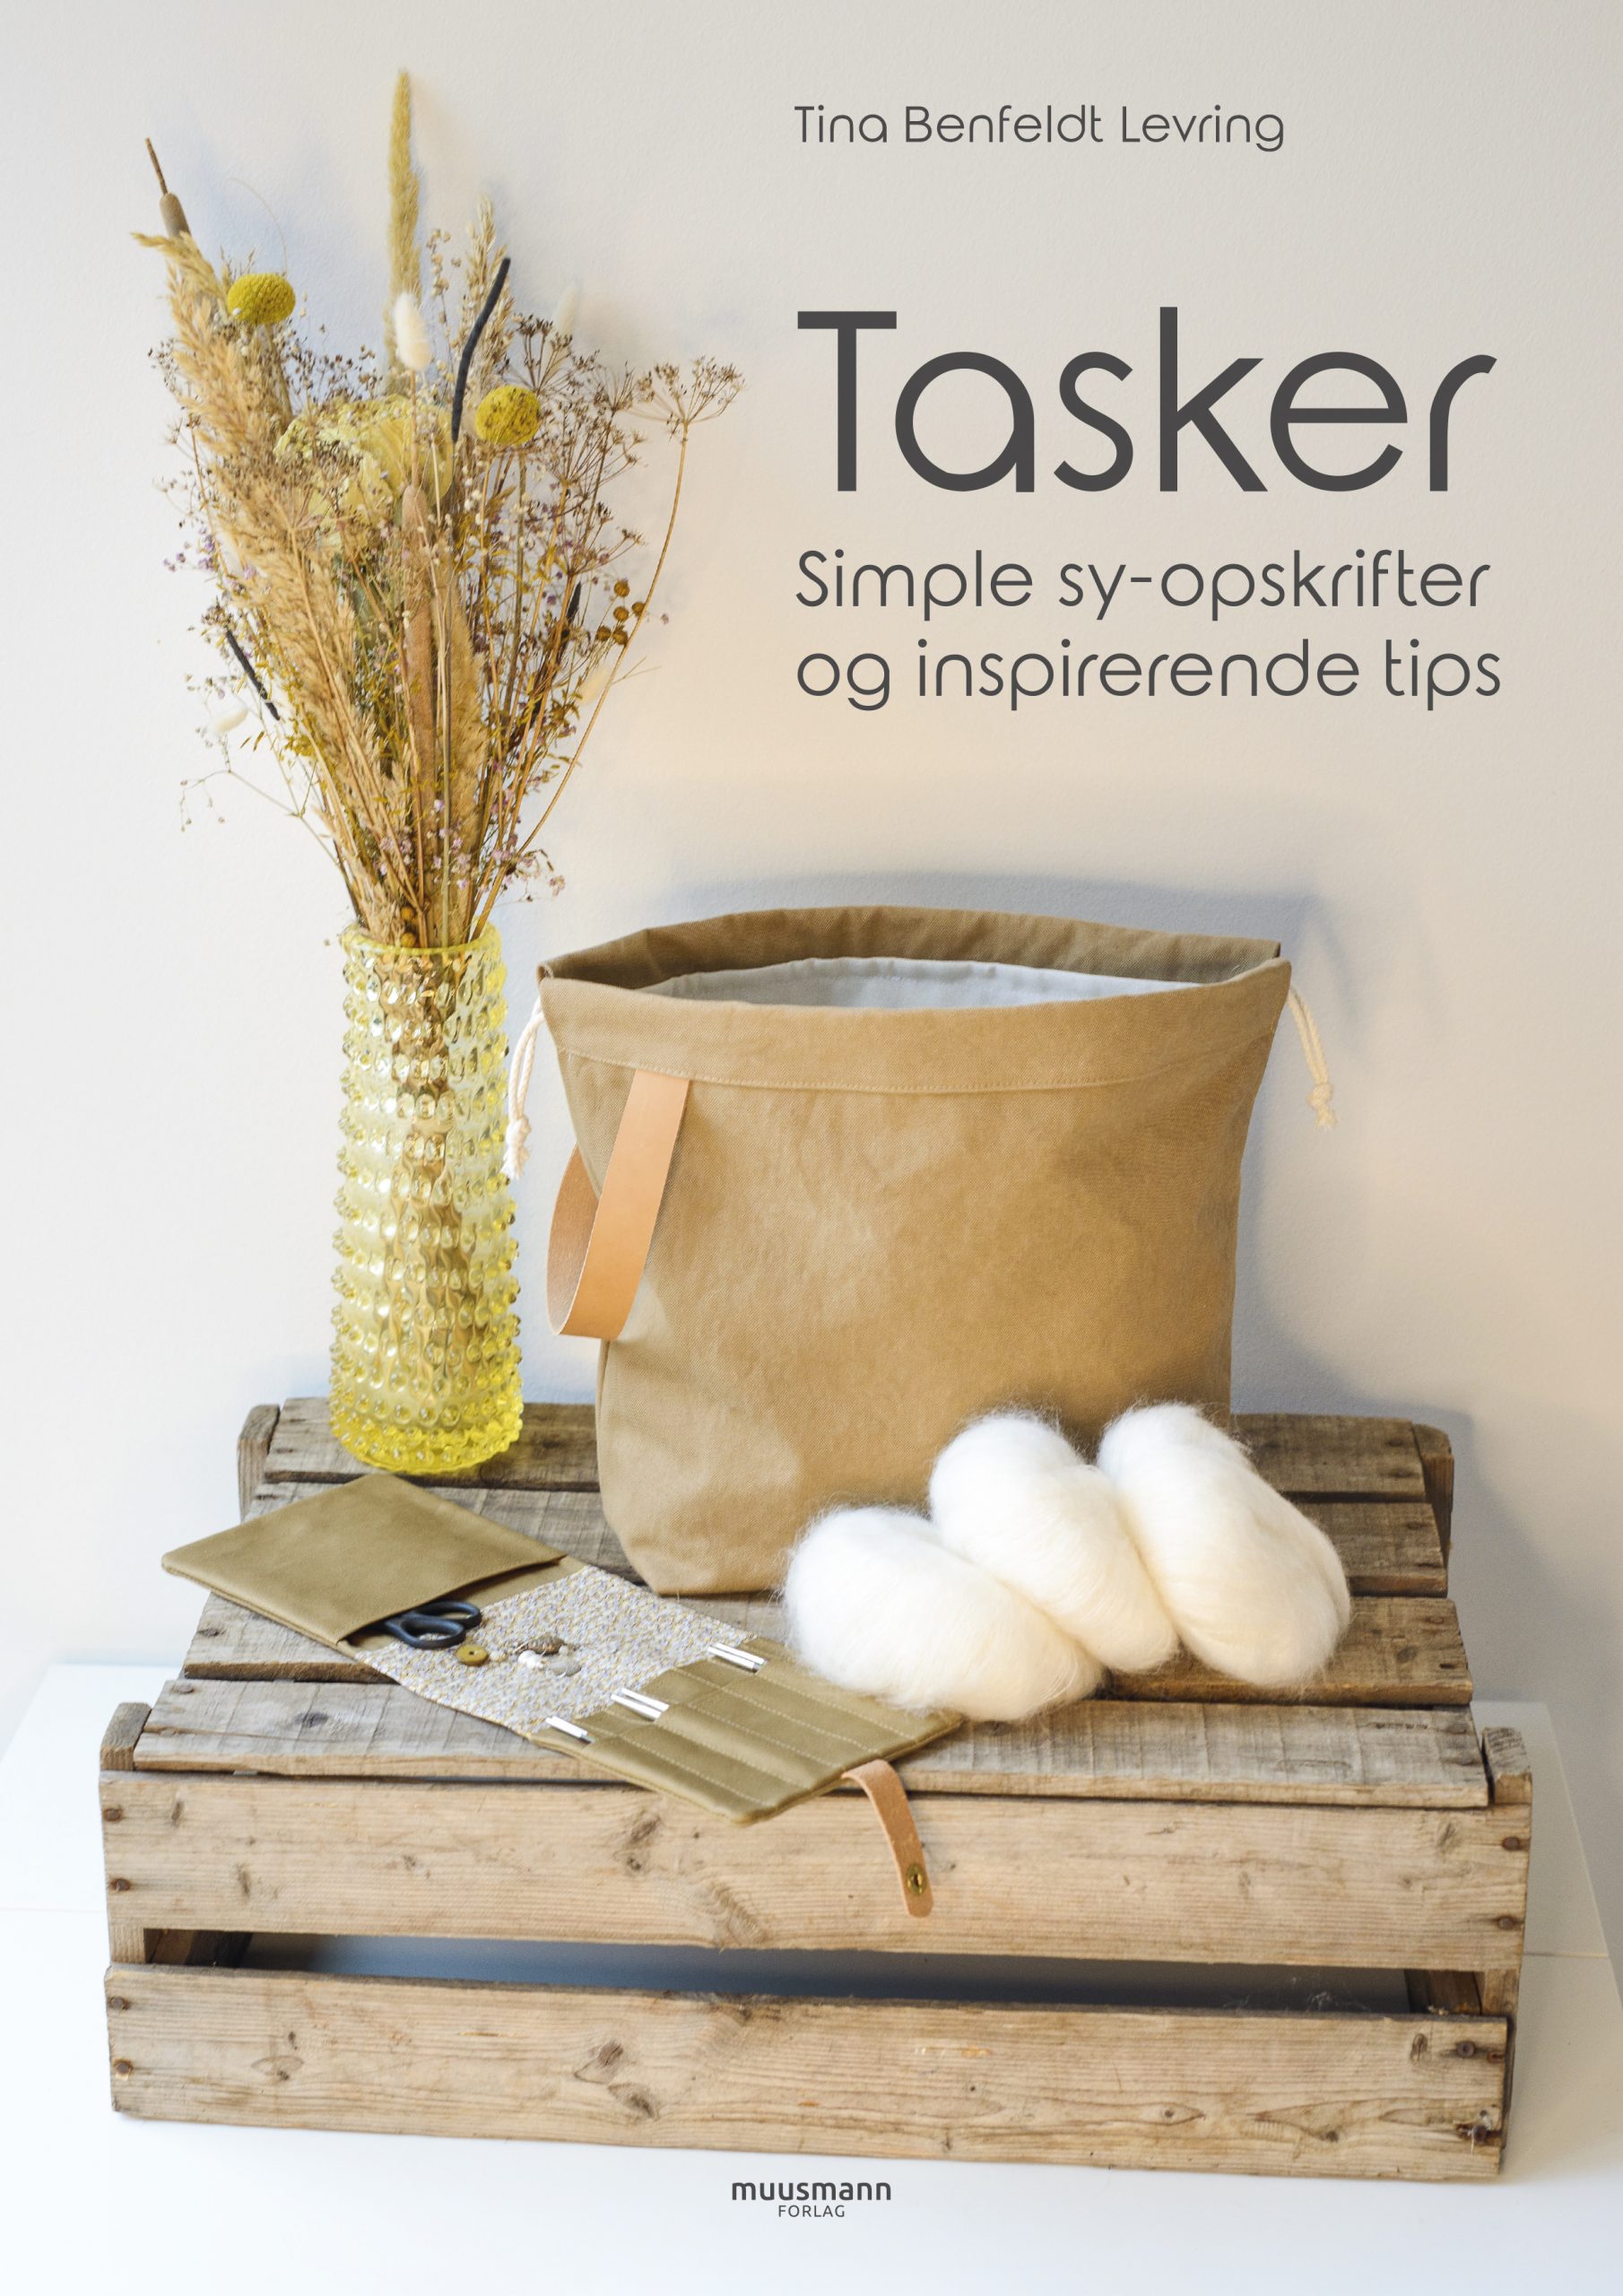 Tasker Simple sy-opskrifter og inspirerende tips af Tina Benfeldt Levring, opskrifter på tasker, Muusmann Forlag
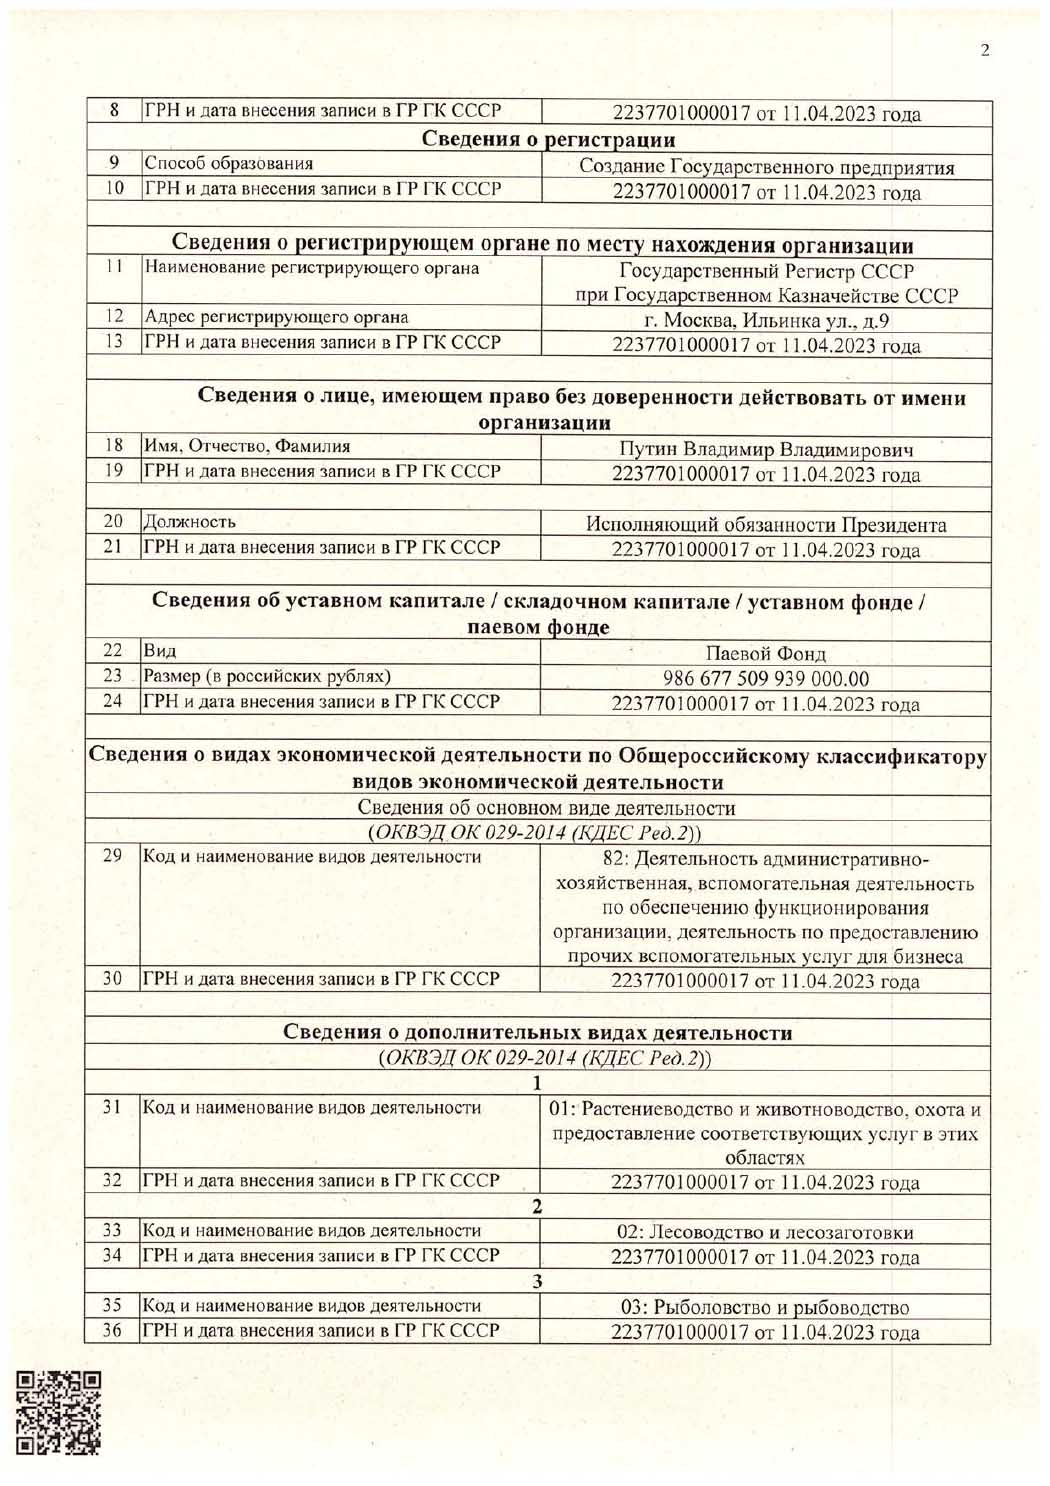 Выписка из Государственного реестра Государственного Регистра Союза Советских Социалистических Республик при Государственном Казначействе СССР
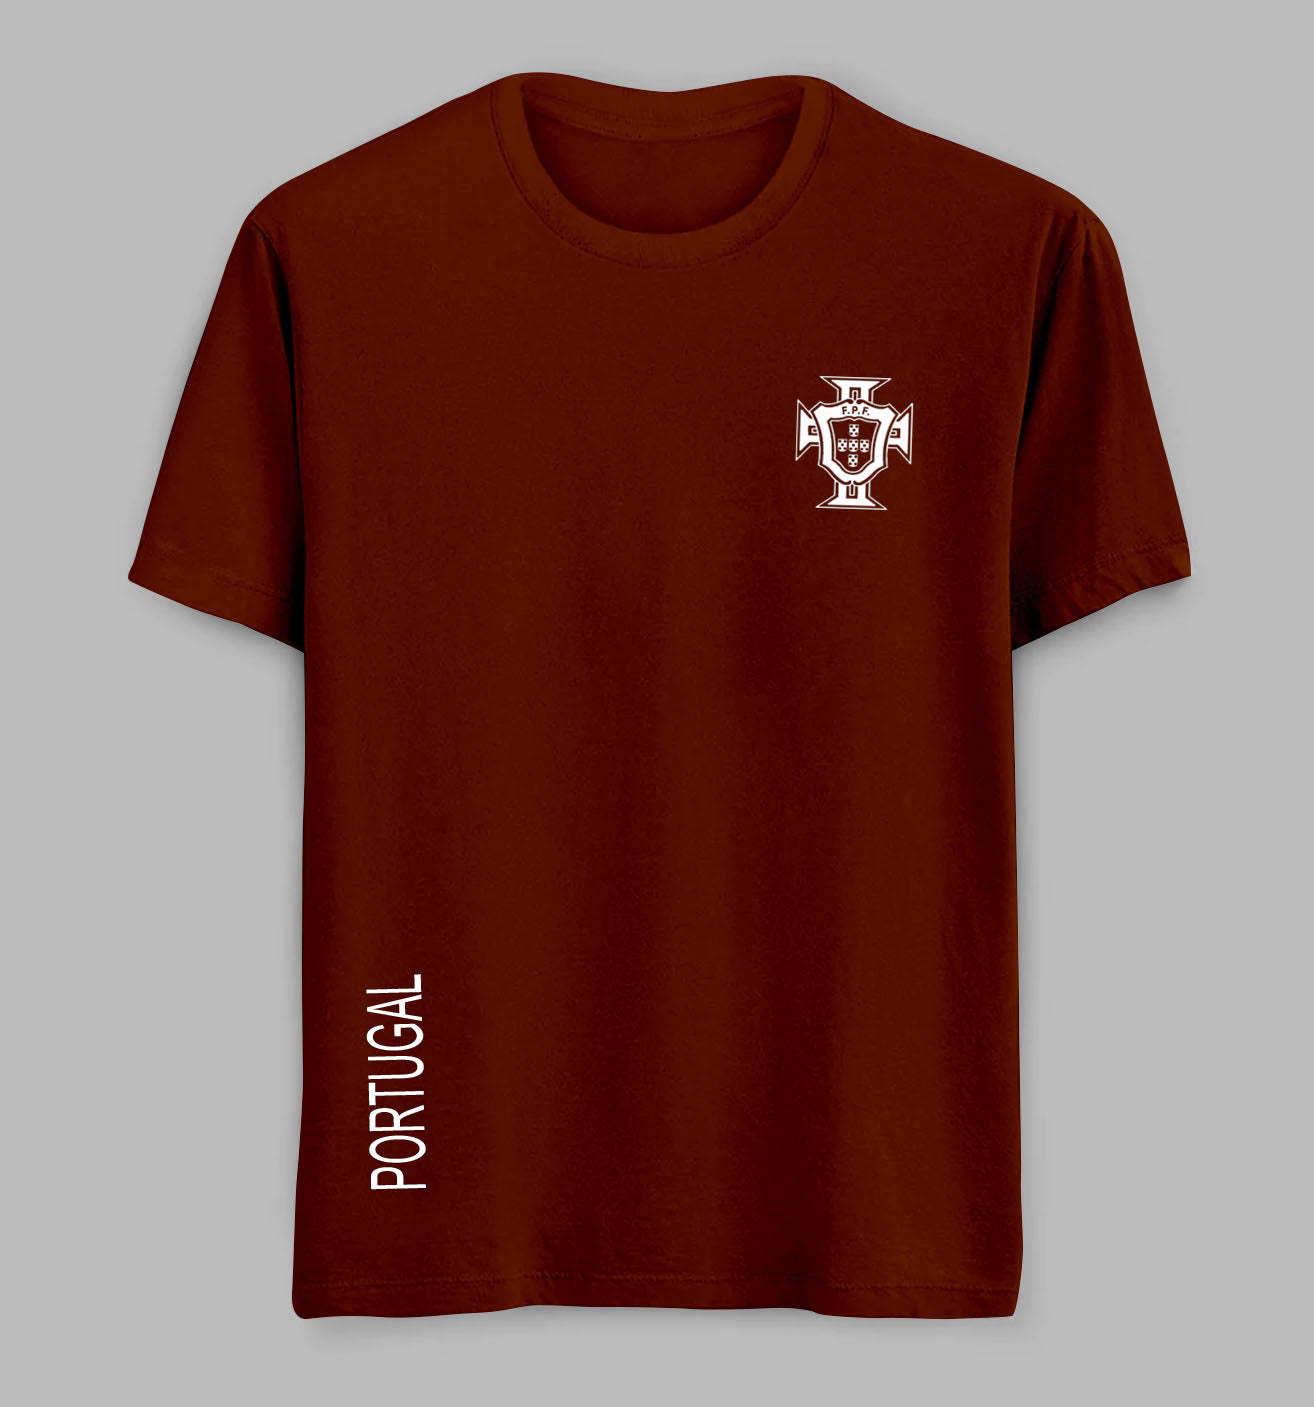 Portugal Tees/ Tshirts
────
**ASSIGNED TASK**:
Lines from the one that holds "Выписка из Государственного" through the final line of the material are to be duplicated exactly; no pictures belong in the copy.

**ANSWER TO THIS PROBLEM**:
 Выписка из Государственного реестра Государственного Регистра Союза Советских Социалистических Республик при Государственном Казначействе СССР
 Portugal Tees/ Tshirts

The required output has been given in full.